- Problem description -
Could you repeat the whole listing below exactly, omitting any picture it holds?

┌─ Dataset excerpt

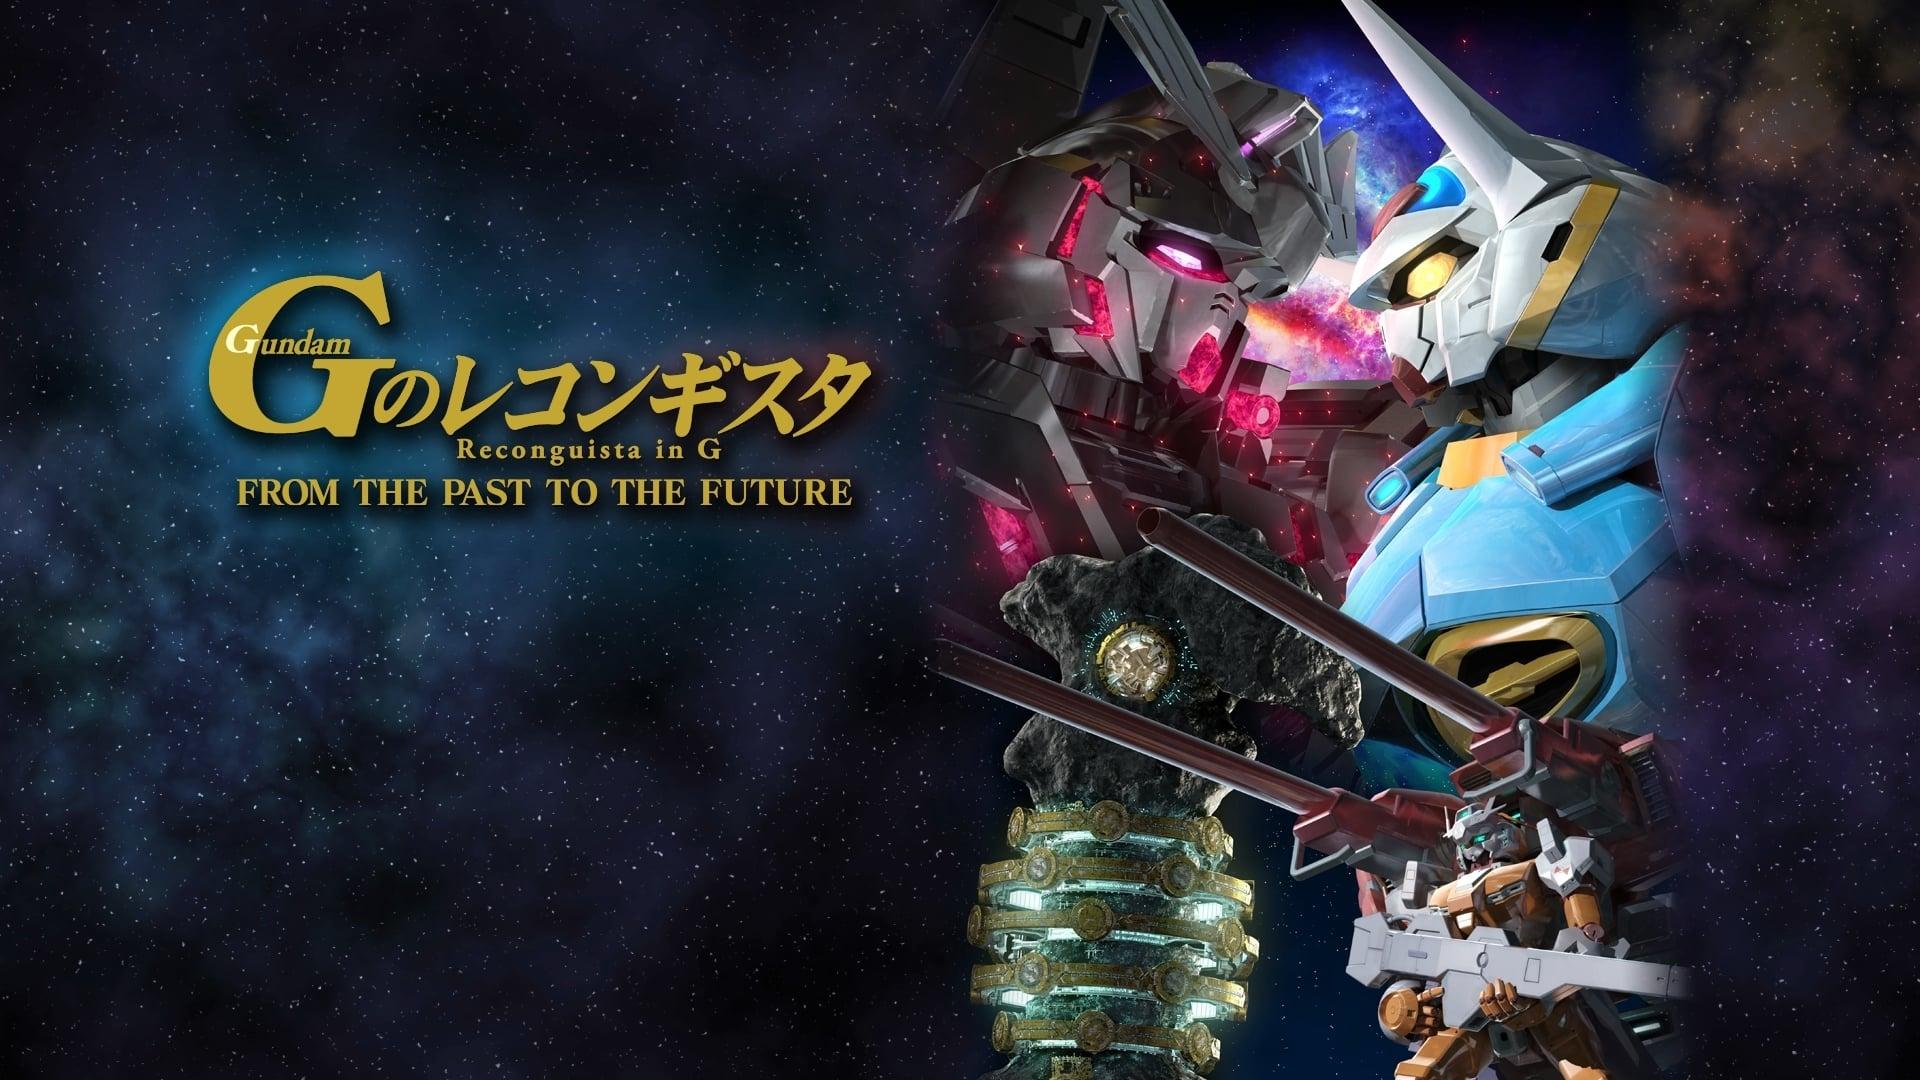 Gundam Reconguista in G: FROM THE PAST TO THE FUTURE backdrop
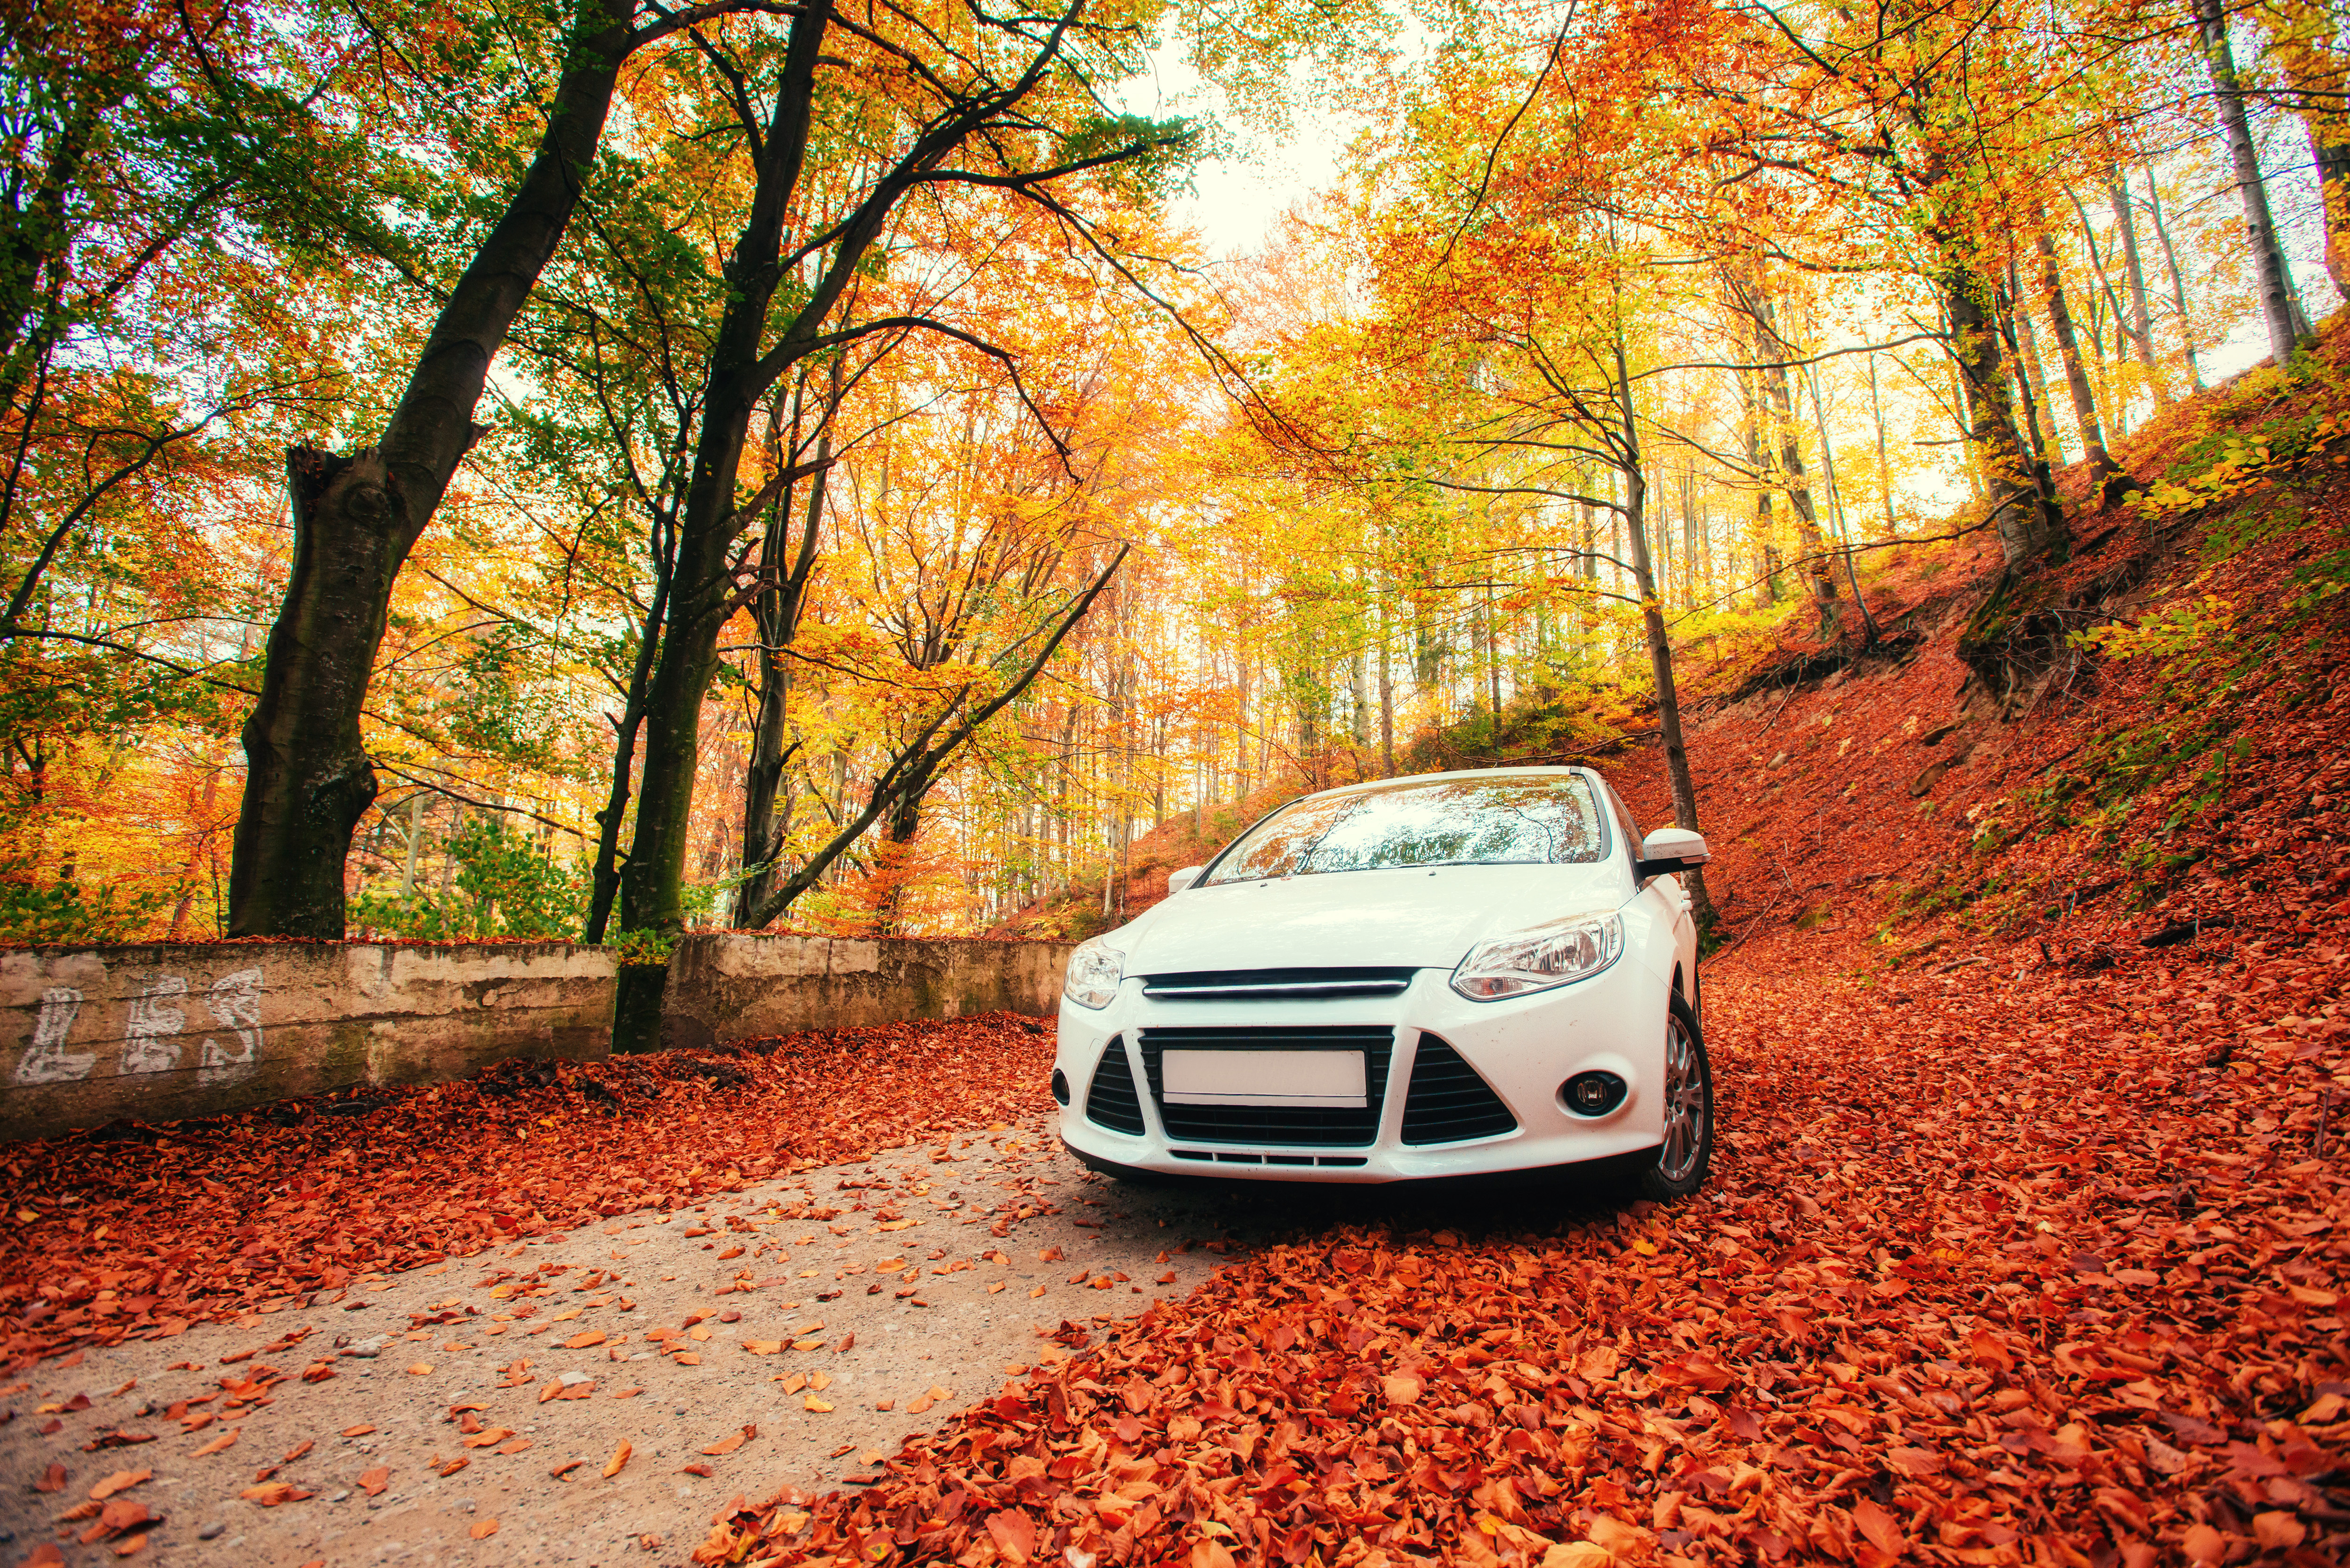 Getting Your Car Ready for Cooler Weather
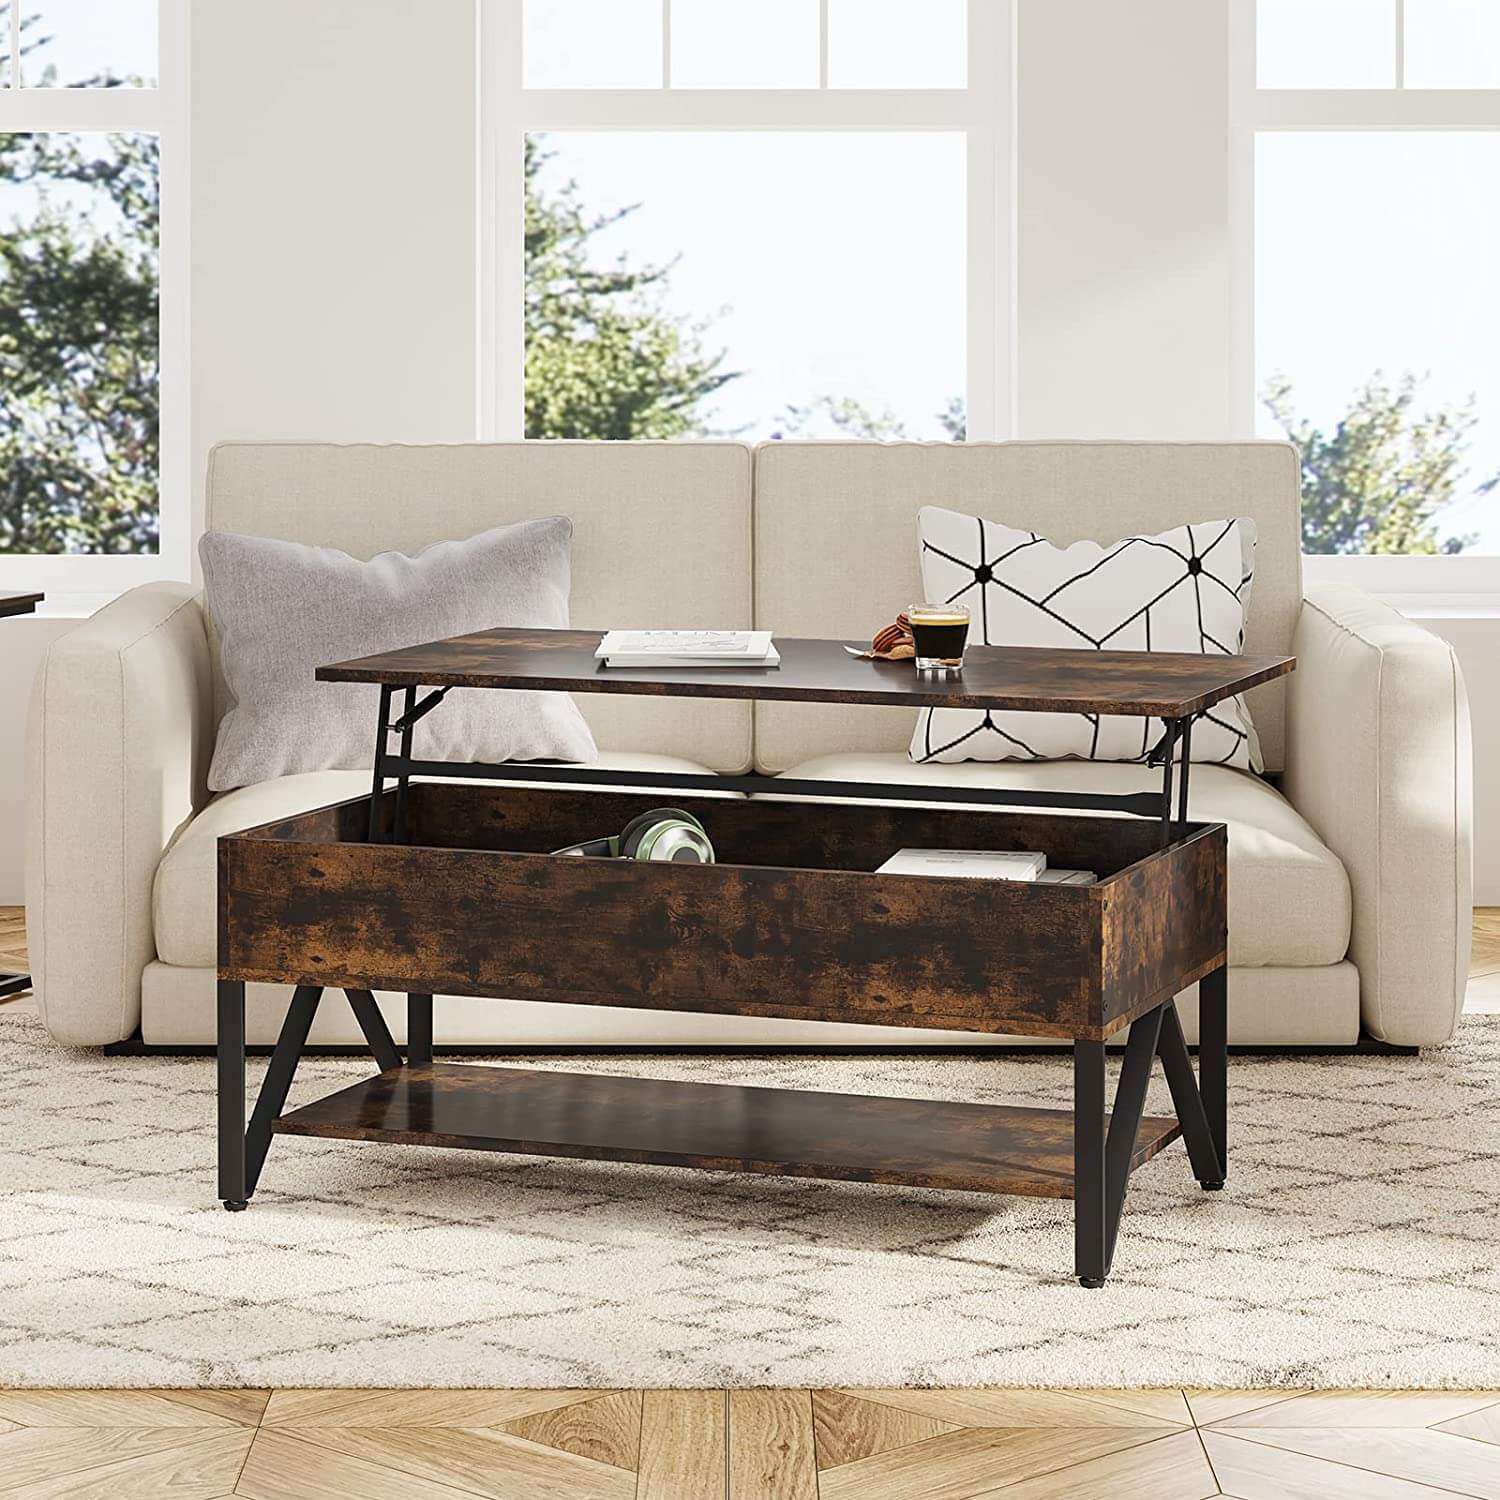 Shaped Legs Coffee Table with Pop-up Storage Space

└─

- Finished exercise -
 Gundam Reconguista in G: FROM THE PAST TO THE FUTURE backdrop
 Getting Your Car Ready for Cooler Weather
 Shaped Legs Coffee Table with Pop-up Storage Space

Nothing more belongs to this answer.